#### WORK TO BE COMPLETED
Copy the listing that follows exactly. Its pictures do not belong in the copy.

#### INFORMATION SHOWN
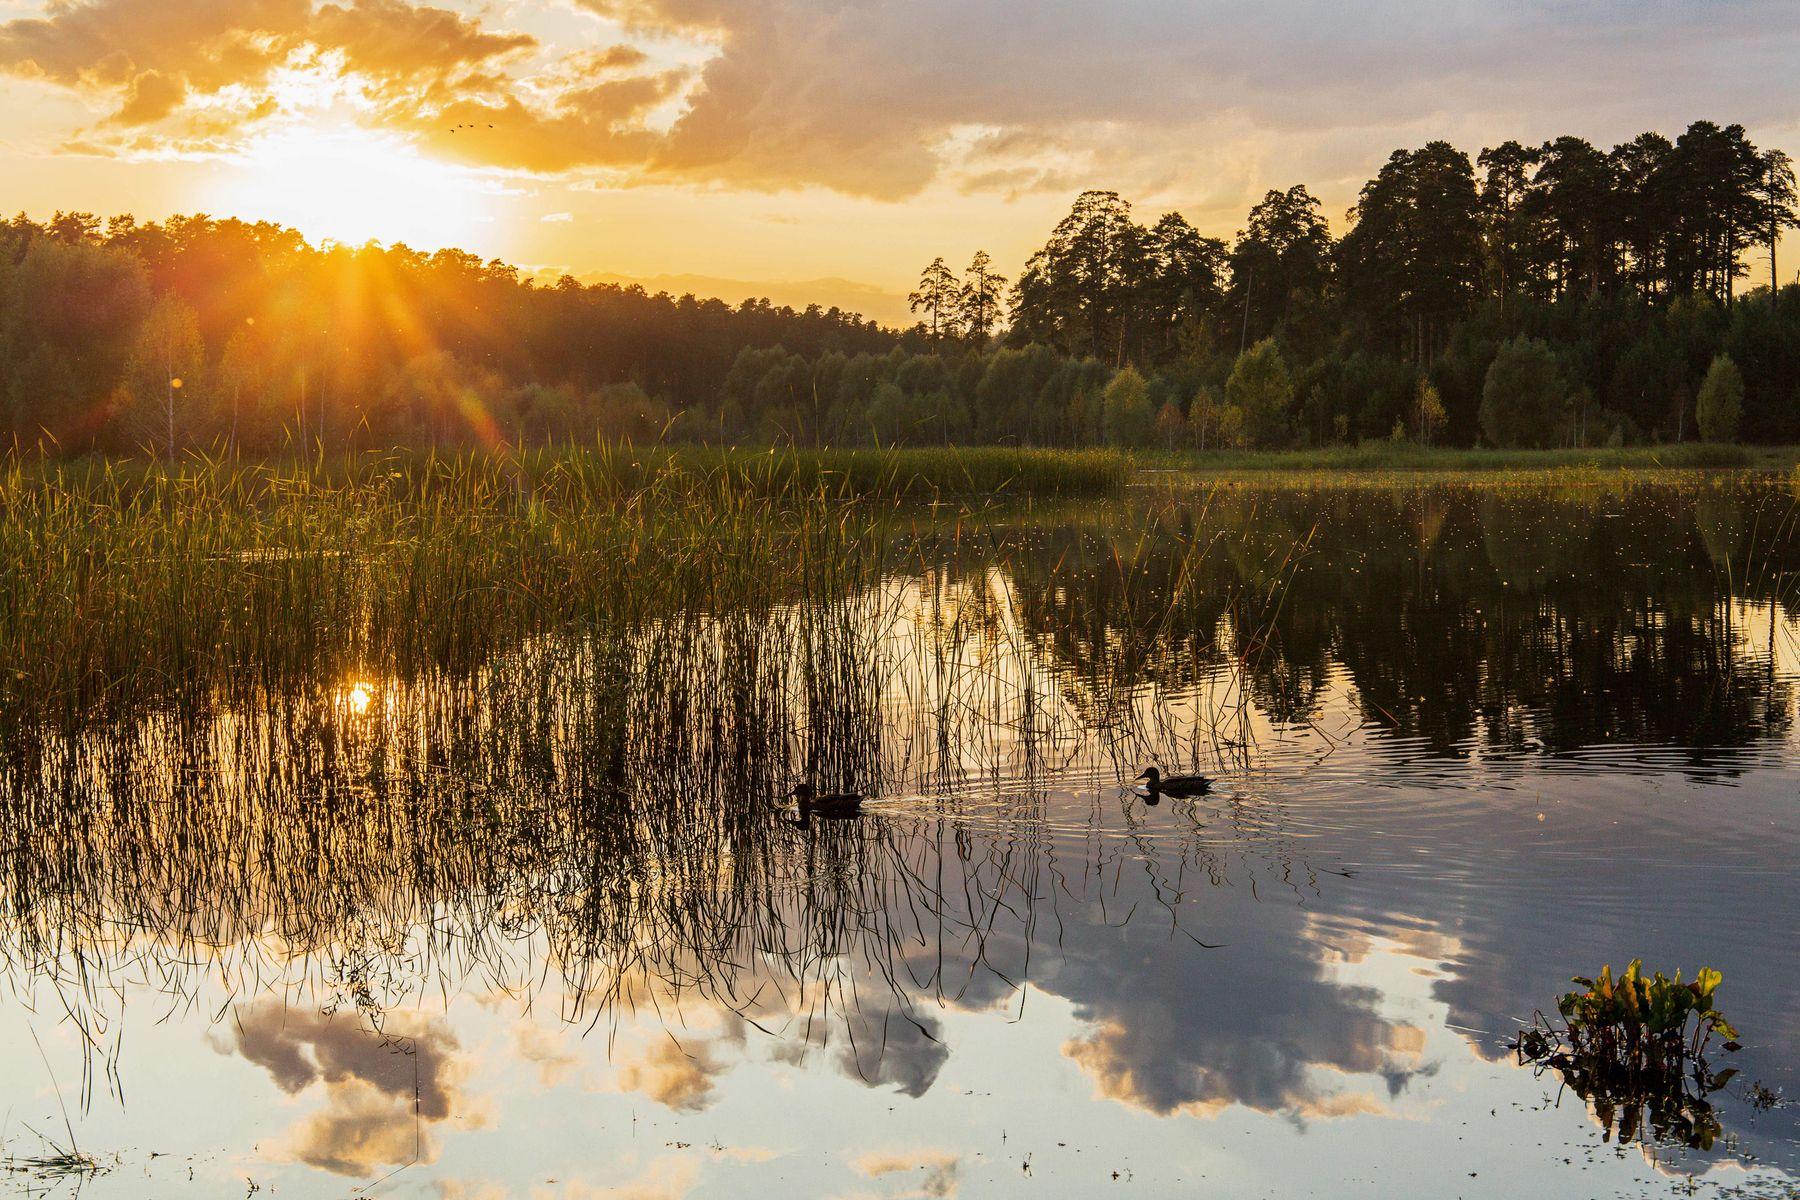 Вечер на озере природа пейзаж вечер закат татарстан озеро малое лебяжье
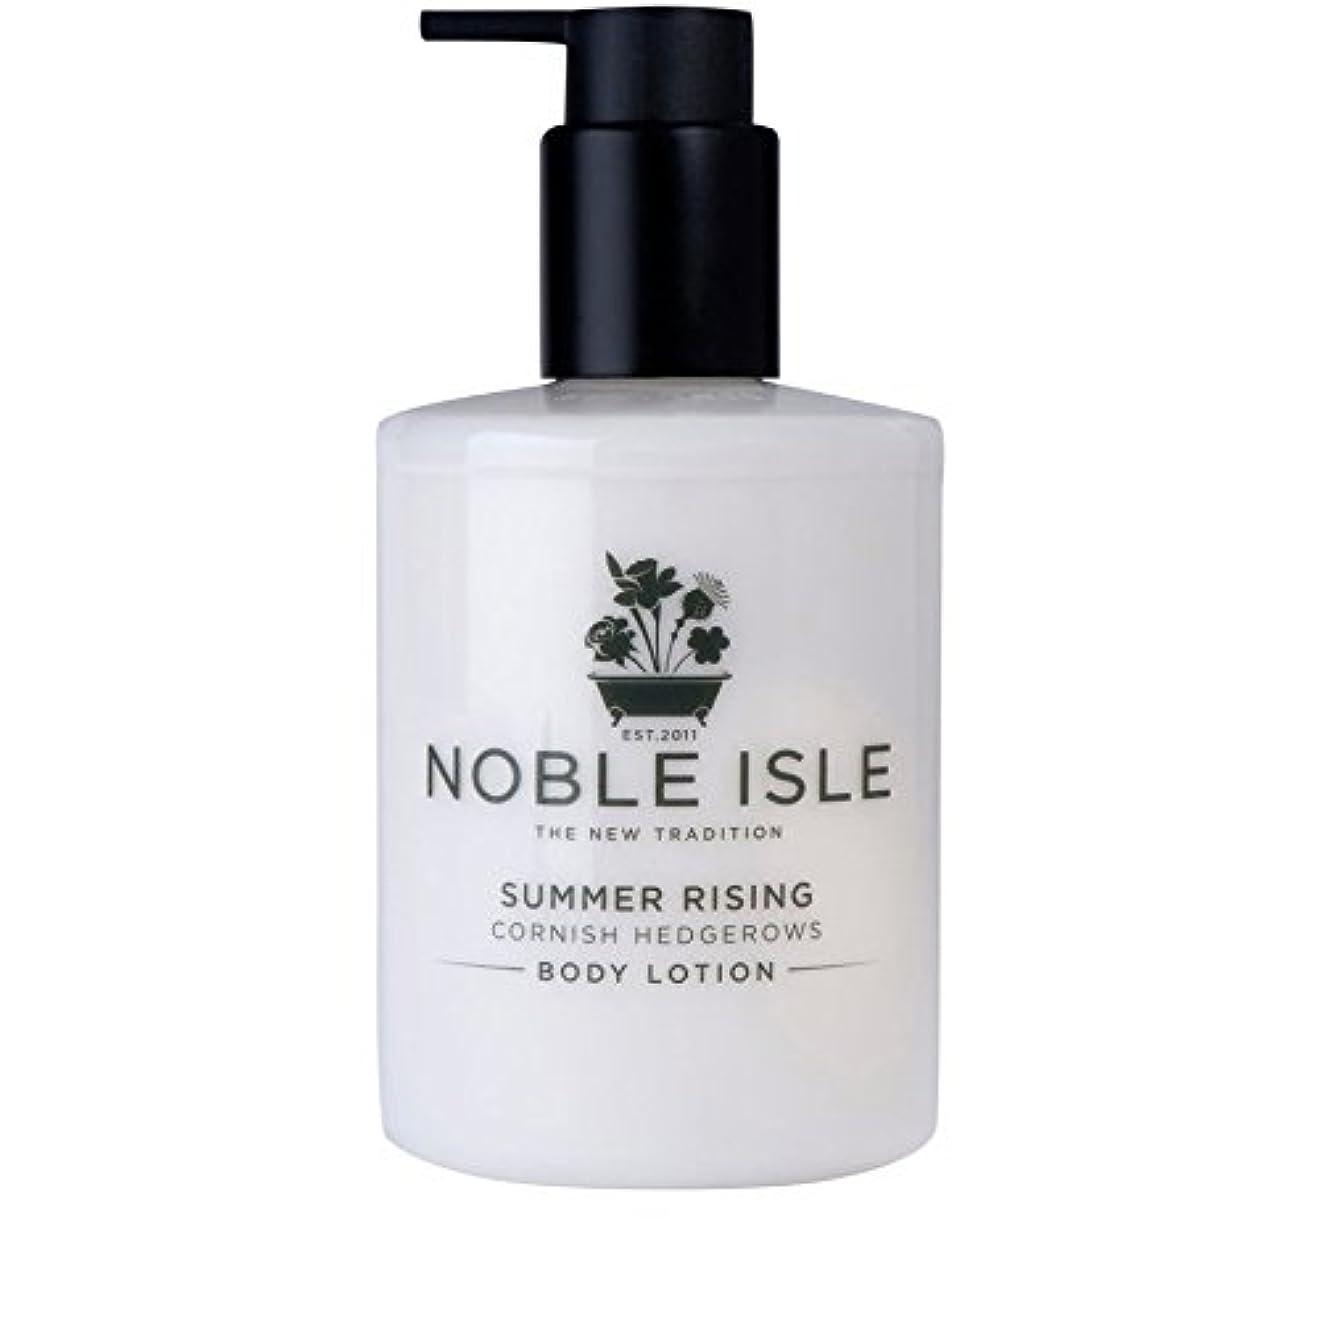 ジーンズ開梱ミットNoble Isle Summer Rising Cornish Hedgerows Body Lotion 250ml - コーニッシュ生け垣ボディローション250ミリリットルを上昇高貴な島の夏 [並行輸入品]
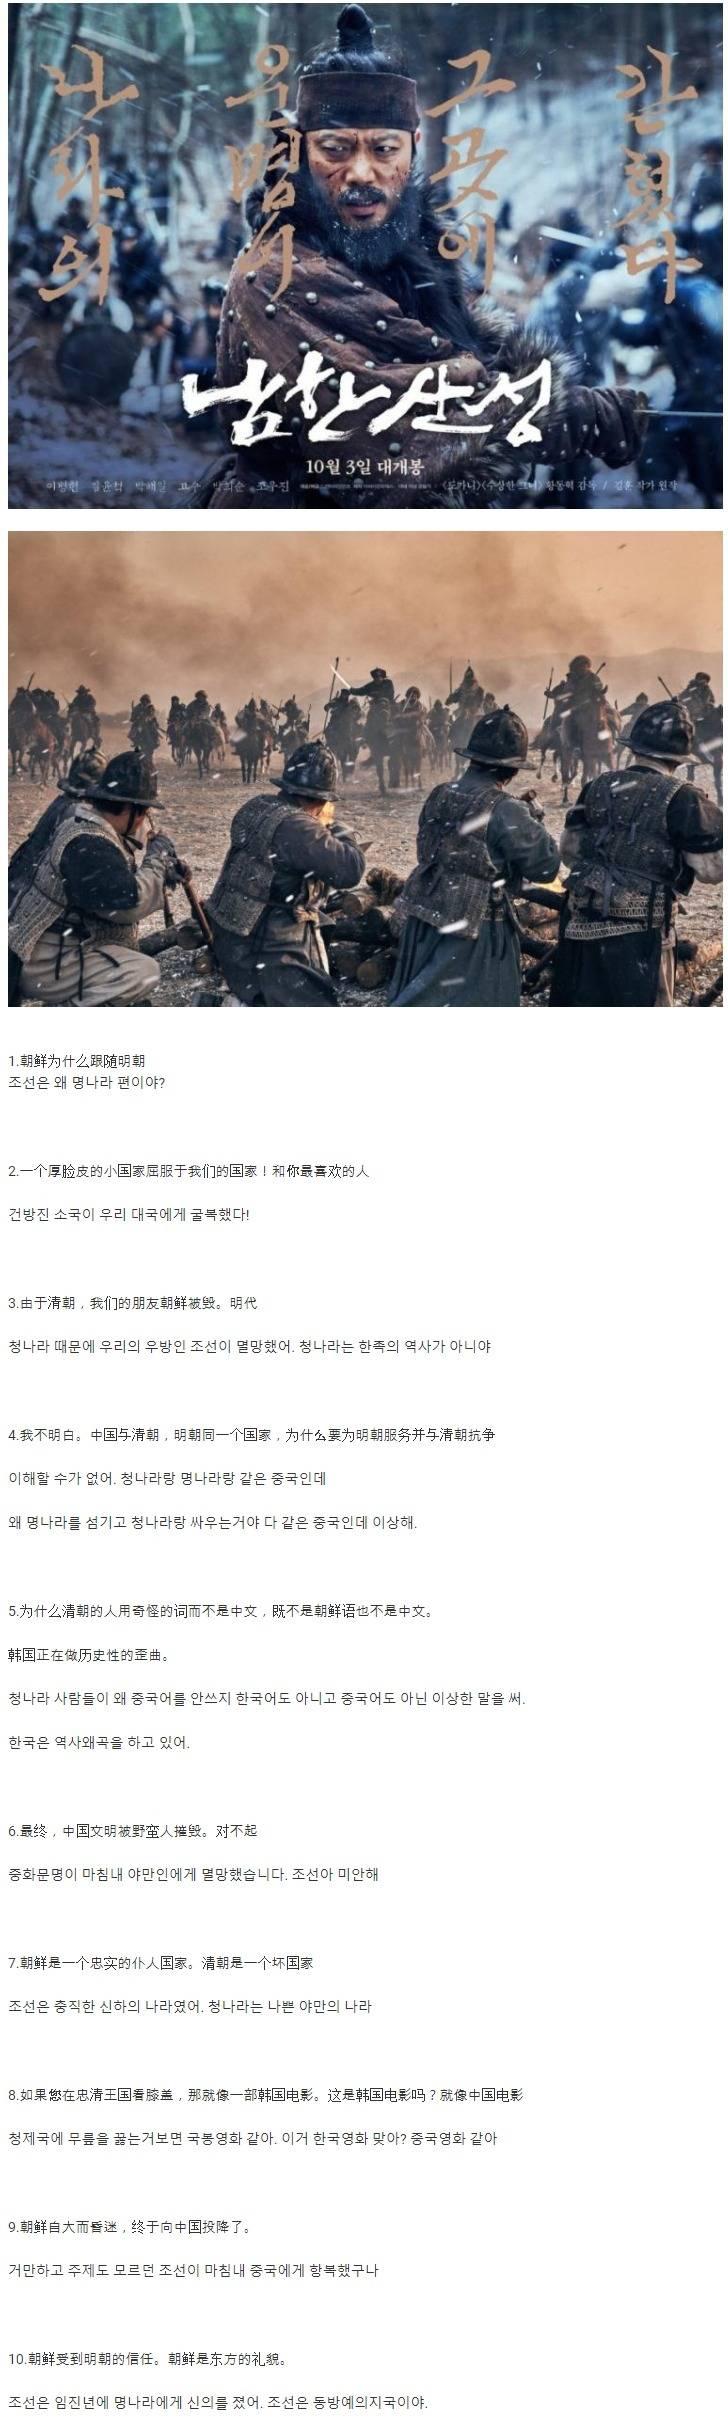 영화 남한산성 중국 반응

#### RESULT BELOW
 Вечер на озере природа пейзаж вечер закат татарстан озеро малое лебяжье
 ジーンズ開梱ミットNoble Isle Summer Rising Cornish Hedgerows Body Lotion 250ml - コーニッシュ生け垣ボディローション250ミリリットルを上昇高貴な島の夏 [並行輸入品]
 영화 남한산성 중국 반응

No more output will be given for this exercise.